Problem to work on >> The finished copy should match every record exactly and contain no pictures.

Information provided >>
........
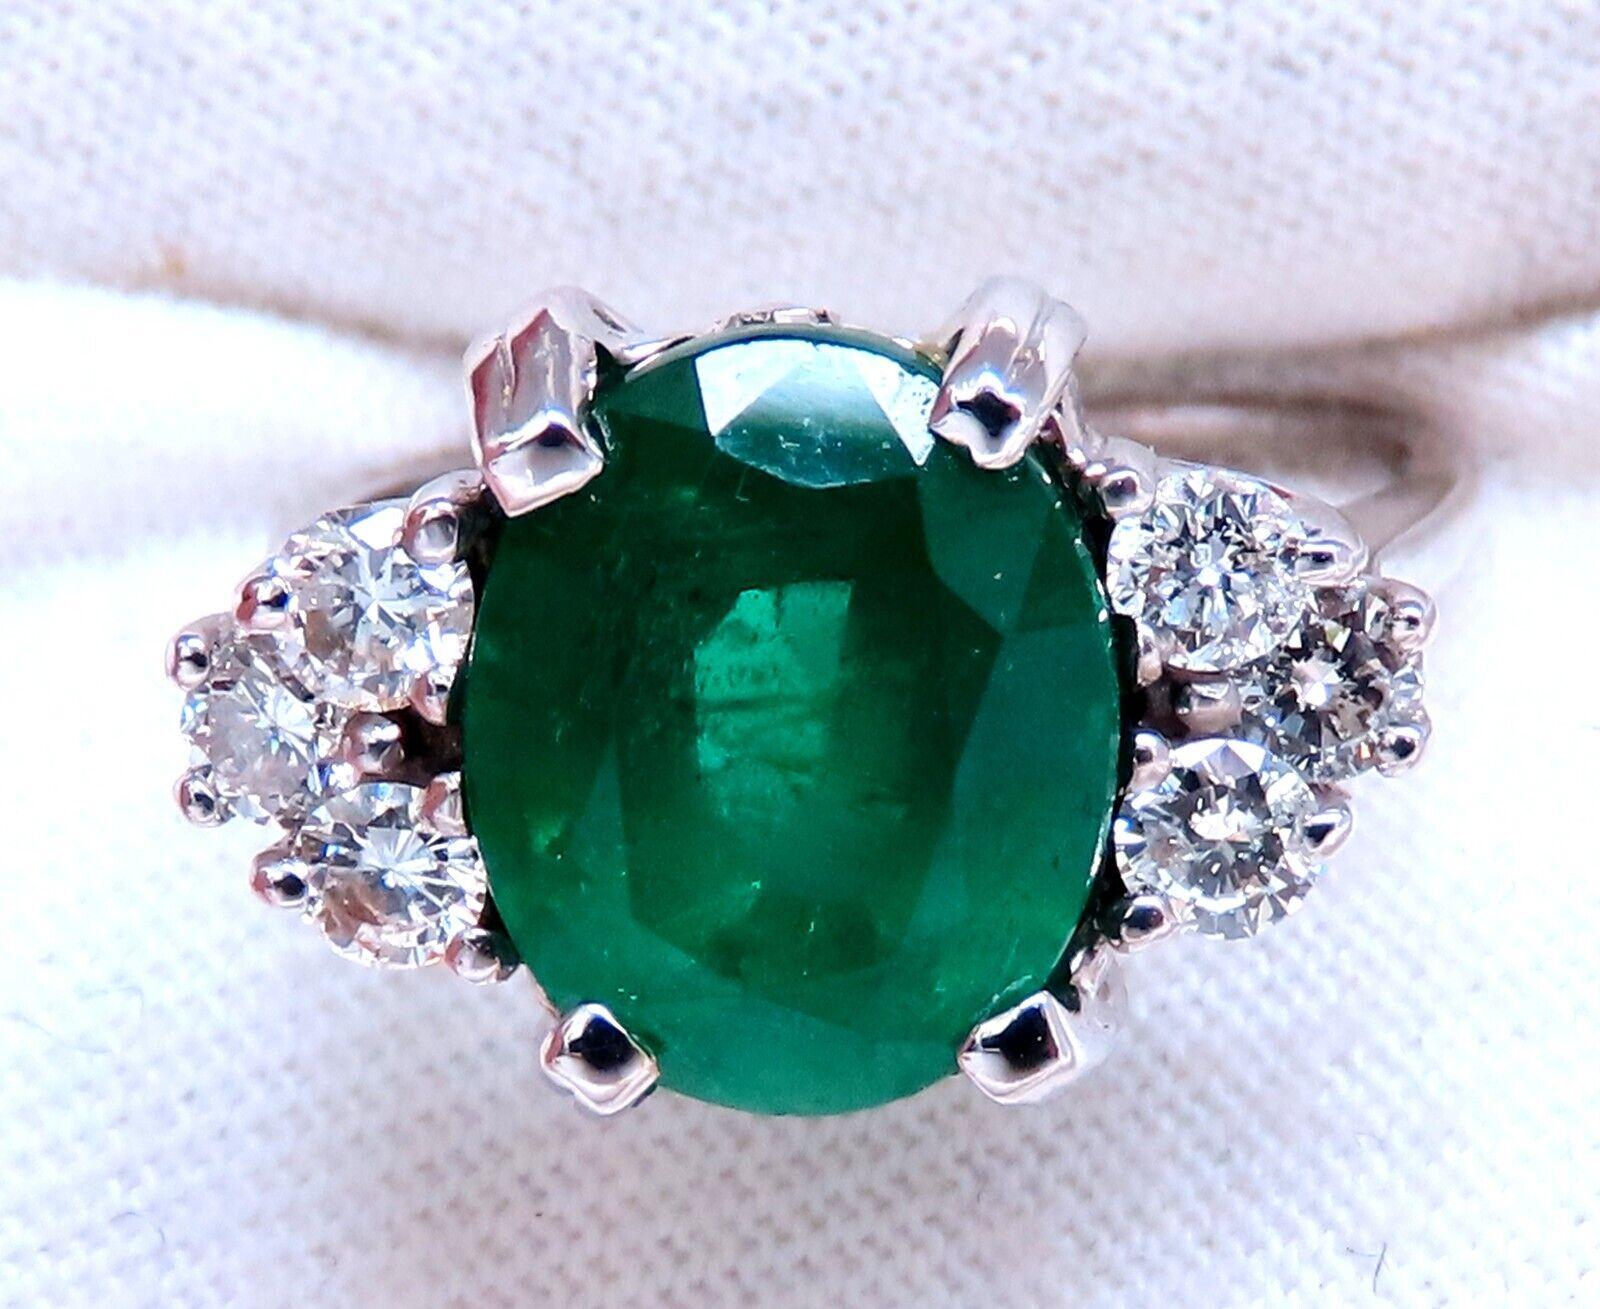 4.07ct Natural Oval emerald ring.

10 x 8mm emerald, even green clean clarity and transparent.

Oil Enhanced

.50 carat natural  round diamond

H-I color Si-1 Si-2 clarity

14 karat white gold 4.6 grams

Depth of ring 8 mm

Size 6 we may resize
........
Task output >>
 4.07ct Natural Oval emerald ring.

10 x 8mm emerald, even green clean clarity and transparent.

Oil Enhanced

.50 carat natural  round diamond

H-I color Si-1 Si-2 clarity

14 karat white gold 4.6 grams

Depth of ring 8 mm

Size 6 we may resize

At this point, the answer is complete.